Я кивнул. Преамбула обнадеживающая.
— В нашем мире есть люди, которым доступно то, что недоступно другим в силу природных ограничений. Ты меня понял, каких.
Он поднял тяжелый взгляд и я поежился.
— Таких людей немало, не думай, что их единицы: я лично знавал около десятка. Эти люди могут контролировать свои способности, могут не контролировать; могут совершать с их помощью хорошие поступки, могут не очень хорошие; а могут вообще не совершать никаких — и это оптимальный для них вариант.
А еще есть государство. Это такая машина, которая считает, что имеет право единолично владеть любым оружием на планете и перемалывает в пыль тех, кто думает иначе. Любым оружием, Шимановский, это значит любым.
— В том числе людьми с уникальными способностями? — хмыкнул я. Ответа не требовалось.
— Если эти люди согласны быть полезными стране, если та уверена, что они не предадут — они живут и работают, как части системы. Или просто живут. Если же не согласны, не могут контролировать себя, или если государство считает, что они ненадежны — такие люди тихо и без проблем исчезают. И никогда не находятся. Ты понимаешь, что я хочу тебе сказать?
— Да. — Меня вновь передернуло — слишком прямолинейно.
— Я знавал многих ребят с разными талантами, с некоторыми служил. И кое-кто из них вот так вот исчез, просто и незамысловато. Ушел из дома и не пришел: ни тела, ни улик, ни свидетелей.

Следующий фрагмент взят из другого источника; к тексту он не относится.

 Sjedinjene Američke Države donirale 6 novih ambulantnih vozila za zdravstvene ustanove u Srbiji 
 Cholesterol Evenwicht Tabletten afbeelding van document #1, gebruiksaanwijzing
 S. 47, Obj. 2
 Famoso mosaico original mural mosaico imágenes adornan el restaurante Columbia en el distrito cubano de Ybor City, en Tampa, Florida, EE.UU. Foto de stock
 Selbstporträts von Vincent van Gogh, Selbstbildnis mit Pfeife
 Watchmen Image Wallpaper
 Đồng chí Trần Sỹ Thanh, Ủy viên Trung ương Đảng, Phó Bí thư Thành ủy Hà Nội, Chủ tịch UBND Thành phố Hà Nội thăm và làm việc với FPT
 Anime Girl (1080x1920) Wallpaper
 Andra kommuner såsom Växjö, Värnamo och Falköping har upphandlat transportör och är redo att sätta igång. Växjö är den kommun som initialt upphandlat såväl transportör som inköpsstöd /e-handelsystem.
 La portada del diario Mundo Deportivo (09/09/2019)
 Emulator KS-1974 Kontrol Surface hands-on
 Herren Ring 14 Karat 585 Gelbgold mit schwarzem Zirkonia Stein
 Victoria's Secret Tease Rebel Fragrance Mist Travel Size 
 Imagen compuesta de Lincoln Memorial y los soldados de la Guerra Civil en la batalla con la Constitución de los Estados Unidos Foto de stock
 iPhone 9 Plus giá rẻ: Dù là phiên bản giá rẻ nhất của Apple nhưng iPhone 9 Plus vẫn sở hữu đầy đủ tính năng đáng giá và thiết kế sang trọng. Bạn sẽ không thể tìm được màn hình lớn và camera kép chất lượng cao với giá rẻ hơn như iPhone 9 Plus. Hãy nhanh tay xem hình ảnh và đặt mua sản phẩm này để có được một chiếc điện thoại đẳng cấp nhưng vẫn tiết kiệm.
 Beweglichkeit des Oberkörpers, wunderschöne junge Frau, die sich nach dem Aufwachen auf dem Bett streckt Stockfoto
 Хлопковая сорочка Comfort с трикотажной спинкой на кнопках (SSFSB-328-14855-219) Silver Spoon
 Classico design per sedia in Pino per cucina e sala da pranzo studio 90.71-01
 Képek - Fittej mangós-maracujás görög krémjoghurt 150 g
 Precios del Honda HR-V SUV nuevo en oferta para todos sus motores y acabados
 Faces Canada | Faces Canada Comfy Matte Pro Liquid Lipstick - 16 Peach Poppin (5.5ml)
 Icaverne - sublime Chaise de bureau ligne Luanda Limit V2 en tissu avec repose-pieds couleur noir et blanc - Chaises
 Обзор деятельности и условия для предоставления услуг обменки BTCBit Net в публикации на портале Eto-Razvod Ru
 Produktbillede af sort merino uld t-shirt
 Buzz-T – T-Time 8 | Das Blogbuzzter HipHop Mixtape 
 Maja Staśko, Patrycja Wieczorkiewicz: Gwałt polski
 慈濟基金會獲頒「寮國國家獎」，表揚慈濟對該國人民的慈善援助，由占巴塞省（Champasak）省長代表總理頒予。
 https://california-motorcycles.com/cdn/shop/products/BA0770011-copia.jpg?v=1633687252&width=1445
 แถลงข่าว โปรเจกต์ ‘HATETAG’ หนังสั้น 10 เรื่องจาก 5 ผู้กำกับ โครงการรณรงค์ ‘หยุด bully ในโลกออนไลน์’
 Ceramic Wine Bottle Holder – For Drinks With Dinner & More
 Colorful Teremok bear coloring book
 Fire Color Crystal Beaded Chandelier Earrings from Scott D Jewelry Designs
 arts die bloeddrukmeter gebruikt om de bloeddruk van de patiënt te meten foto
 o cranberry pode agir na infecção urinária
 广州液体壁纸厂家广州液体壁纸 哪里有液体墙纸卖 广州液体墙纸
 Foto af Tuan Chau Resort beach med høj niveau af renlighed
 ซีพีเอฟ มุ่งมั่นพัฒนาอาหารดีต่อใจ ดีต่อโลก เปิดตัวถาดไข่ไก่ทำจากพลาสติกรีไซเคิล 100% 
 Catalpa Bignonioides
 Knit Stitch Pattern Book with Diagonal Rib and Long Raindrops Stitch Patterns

К чему я это говорю? К тому, что последний из них потерялся после того, как убил в баре нескольких человек, когда ему в голову стукнуло от выпитой бормотухи.
— Приступ?
Тренер кивнул.
— Это не осталось незамеченным и ответственные за того человека винтики в машине посчитали, что он ненадежен и опасен. Его выпустили из тюрьмы под подписку — куда сбежишь из военного городка без пропуска — и через день это произошло. Дело висело открытым много лет, но по обвинению его никто не искал. Обвинению в убийстве, Шимановский! Не странно?